Even having written an RDFa parser, having written code to mark up documents with RDFa, having taught it, I still cannot write RDFa past a trivial example and be 100% sure that it will produce what I was aiming to produce.

If we were to look at really simplifying RDFa, rather than making cosmetic changes, we need to address this complexity. It would certainly mean backwards-incompatible changes, such as dropping the use of particular attributes and revising the way the processing model works, such that future RDFa processors couldn’t be used on RDFa 1.0. There are two possible ways of approaching this:

retaining some backwards compatibility, and aiming for a simplified subset of RDFa 1.0 such that RDFa 1.0 processor will still get the intended triples out of data marked up with RDFa 1.1
dropping backwards compatibility entirely and using completely different attributes, essentially creating a new language

I do not know which of these routes is the best one to take.

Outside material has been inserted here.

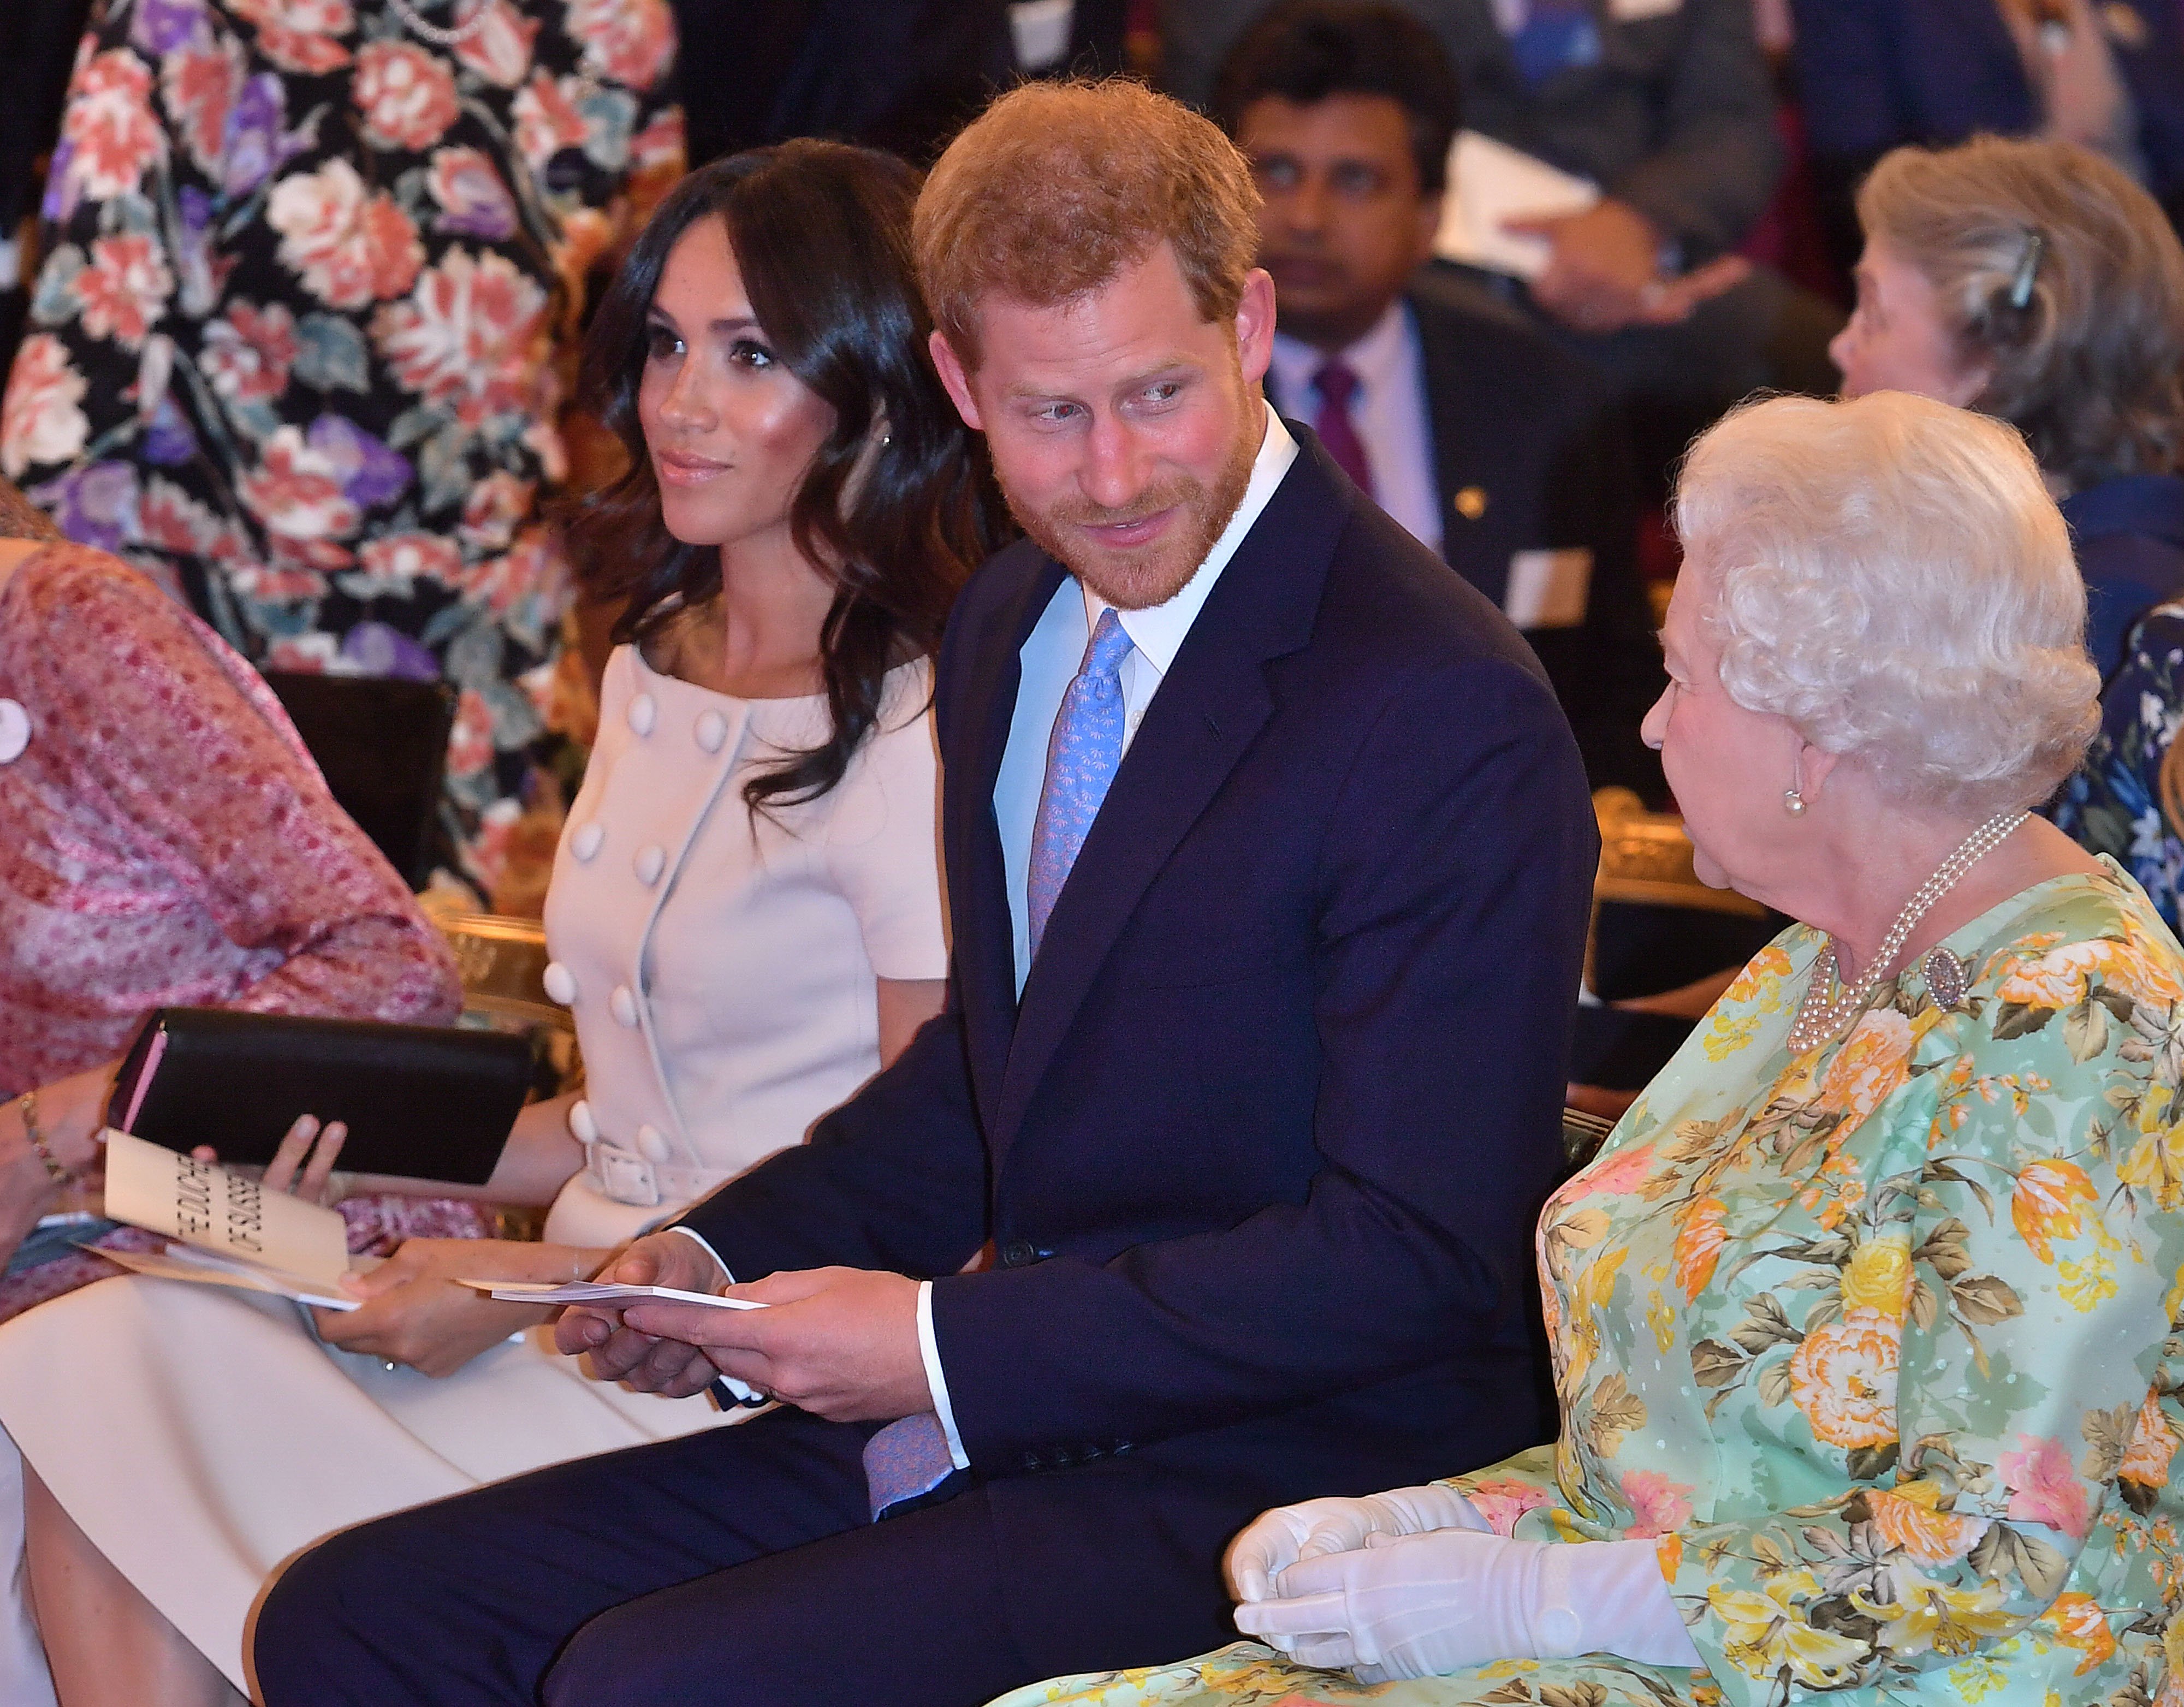 Königin Elizabeth II. mit Prinz Harry, Herzog von Sussex, und Meghan, Herzogin von Sussex, bei der Verleihung der Young Leaders Awards der Königin im Buckingham Palast am 26. Juni 2018 in London, England | Quelle: Getty Images

My instinct is that the first will be hard to do. For example, there are already certain simplifications in RDFa 1.1 – such as assuming an element with no datatype attribute is giving a string value rather than looking to see if there are any non-text-nodes in the content of the element – which lead to markup that will not be processed correctly by RDFa 1.0 processors. Perhaps that could be addressed by rewriting history: creating a RDFa 1.0 Second Edition that includes any changes that are needed to make a simple subset viable.

What I want to explore here is what the second route – using entirely different attributes from those currently used in RDFa 1.0 – might mean. I think that in this case the substantial difference between microdata and this new language would be support for that much-derided requirement: decentralised extensibility.

Adding Decentralised Extensibility to Microdata

As I discussed earlier in the week, microdata is simply not designed for use in a web where publishers might want to use multiple vocabularies to mark up the same thing for different consumers. This focus is very probably the right one for the majority of uses, where publishers address single consumers or everyone has standardised on a single vocabulary. It’s certainly an assumption that keeps the markup simple.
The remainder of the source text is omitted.